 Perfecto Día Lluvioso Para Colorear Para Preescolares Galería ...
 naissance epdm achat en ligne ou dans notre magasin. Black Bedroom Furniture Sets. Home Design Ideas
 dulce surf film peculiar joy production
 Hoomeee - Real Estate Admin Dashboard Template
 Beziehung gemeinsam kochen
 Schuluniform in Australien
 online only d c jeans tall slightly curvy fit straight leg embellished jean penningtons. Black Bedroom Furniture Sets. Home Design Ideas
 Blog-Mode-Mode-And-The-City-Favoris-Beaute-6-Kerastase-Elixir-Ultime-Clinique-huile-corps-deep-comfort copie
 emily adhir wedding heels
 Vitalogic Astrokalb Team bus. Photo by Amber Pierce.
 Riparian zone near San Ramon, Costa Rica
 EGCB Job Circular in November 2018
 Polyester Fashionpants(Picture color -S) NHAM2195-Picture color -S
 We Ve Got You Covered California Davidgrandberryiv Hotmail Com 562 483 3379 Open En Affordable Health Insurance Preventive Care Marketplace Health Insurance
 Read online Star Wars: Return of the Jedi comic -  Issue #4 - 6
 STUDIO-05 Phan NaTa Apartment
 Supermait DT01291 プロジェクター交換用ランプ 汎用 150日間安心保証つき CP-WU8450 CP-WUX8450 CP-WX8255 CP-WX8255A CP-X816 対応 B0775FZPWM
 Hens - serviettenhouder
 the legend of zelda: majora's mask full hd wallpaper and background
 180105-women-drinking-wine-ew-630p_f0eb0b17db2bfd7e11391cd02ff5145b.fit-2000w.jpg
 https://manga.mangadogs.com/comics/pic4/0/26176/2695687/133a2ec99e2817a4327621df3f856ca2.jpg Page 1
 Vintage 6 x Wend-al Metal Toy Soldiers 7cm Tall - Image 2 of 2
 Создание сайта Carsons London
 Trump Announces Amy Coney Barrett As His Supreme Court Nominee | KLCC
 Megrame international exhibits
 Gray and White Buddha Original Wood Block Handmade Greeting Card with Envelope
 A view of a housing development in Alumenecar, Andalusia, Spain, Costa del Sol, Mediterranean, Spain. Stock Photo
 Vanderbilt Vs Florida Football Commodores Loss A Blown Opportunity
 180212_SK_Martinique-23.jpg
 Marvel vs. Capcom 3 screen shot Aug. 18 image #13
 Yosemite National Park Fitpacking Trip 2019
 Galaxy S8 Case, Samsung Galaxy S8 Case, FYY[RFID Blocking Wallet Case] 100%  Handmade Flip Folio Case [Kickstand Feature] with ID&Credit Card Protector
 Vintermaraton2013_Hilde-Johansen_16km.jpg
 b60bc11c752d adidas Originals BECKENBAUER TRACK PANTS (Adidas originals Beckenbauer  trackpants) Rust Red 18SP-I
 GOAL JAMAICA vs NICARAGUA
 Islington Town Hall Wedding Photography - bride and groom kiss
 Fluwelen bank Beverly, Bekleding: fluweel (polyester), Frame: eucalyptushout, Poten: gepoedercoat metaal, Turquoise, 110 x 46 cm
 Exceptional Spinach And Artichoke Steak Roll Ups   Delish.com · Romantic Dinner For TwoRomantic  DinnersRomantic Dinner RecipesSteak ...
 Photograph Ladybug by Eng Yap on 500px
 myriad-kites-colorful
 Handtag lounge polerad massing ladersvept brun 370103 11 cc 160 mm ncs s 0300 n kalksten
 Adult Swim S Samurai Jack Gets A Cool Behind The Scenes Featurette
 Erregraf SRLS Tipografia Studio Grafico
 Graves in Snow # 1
• • • • •
EXERCISE: Only the lines from the one bearing "180212_SK_Martinique-23.jpg" to the end of the material belong in the answer; set them down verbatim.

SOLUTION TO THIS EXERCISE:
 180212_SK_Martinique-23.jpg
 Marvel vs. Capcom 3 screen shot Aug. 18 image #13
 Yosemite National Park Fitpacking Trip 2019
 Galaxy S8 Case, Samsung Galaxy S8 Case, FYY[RFID Blocking Wallet Case] 100%  Handmade Flip Folio Case [Kickstand Feature] with ID&Credit Card Protector
 Vintermaraton2013_Hilde-Johansen_16km.jpg
 b60bc11c752d adidas Originals BECKENBAUER TRACK PANTS (Adidas originals Beckenbauer  trackpants) Rust Red 18SP-I
 GOAL JAMAICA vs NICARAGUA
 Islington Town Hall Wedding Photography - bride and groom kiss
 Fluwelen bank Beverly, Bekleding: fluweel (polyester), Frame: eucalyptushout, Poten: gepoedercoat metaal, Turquoise, 110 x 46 cm
 Exceptional Spinach And Artichoke Steak Roll Ups   Delish.com · Romantic Dinner For TwoRomantic  DinnersRomantic Dinner RecipesSteak ...
 Photograph Ladybug by Eng Yap on 500px
 myriad-kites-colorful
 Handtag lounge polerad massing ladersvept brun 370103 11 cc 160 mm ncs s 0300 n kalksten
 Adult Swim S Samurai Jack Gets A Cool Behind The Scenes Featurette
 Erregraf SRLS Tipografia Studio Grafico
 Graves in Snow # 1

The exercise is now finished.